His eyes saw beneath the grime
the years and the years of pain.
Saw the loss that had scored her flesh like sun-parched earth,
turned her eyes milky-white and made her frail limbs tremble
even when she was still.
He saw past all that, to the maiden she once had been
in the garden with the tree and the great white serpent.
She began to cry.
It had been so long, she’d forgotten his name.

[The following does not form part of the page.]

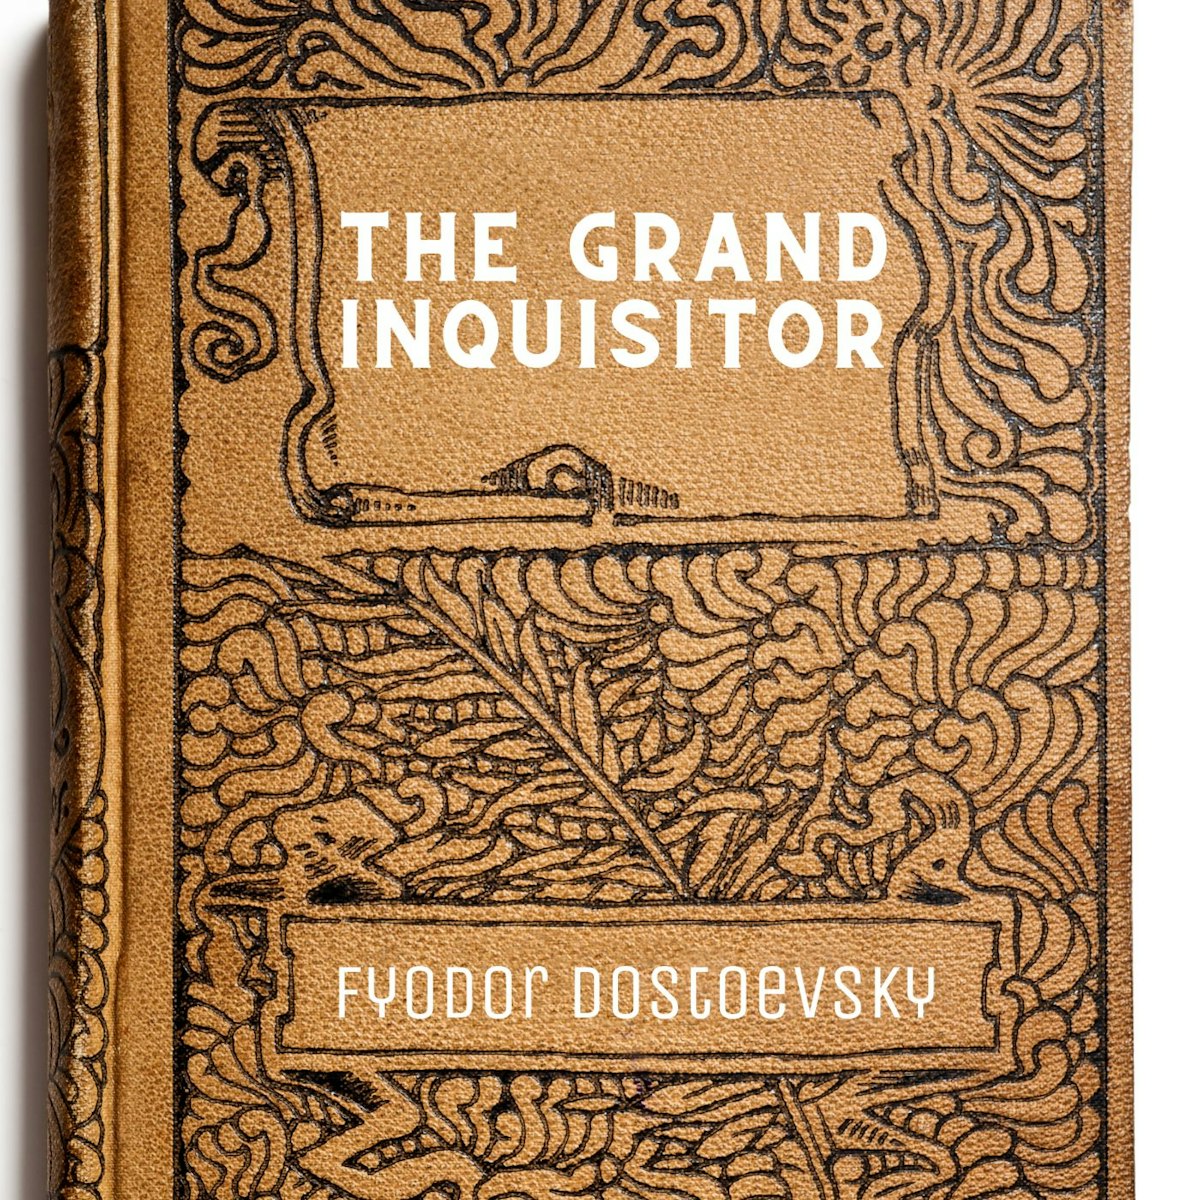 featured image - The Grand Inquisitor by Fyodor Dostoyevsky - Table of Links
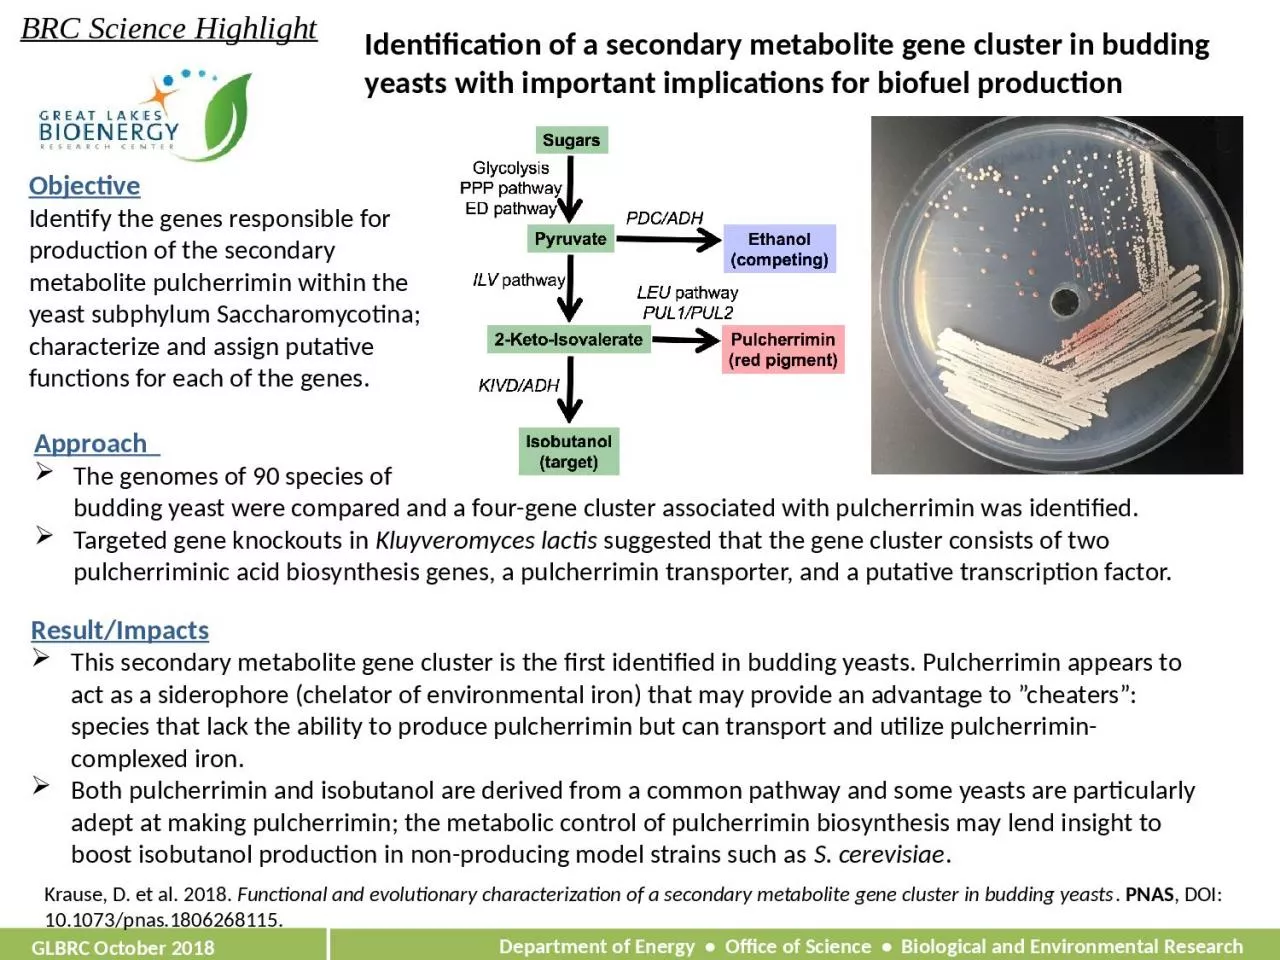 Identification of a secondary metabolite gene cluster in budding yeasts with important

“Here,” the man reached inside his long leather coat
and dug out a small golden ball. He placed it in her hands and said,
“I was given this as a child, but it is yours.”
It wasn’t a ball but an apple.
Remembering Ladon who had watched over her and her sisters
for the first time in centuries, she smiled.
Lovely ox-eyed Hesperethousa looked up to thank the man
but he was gone.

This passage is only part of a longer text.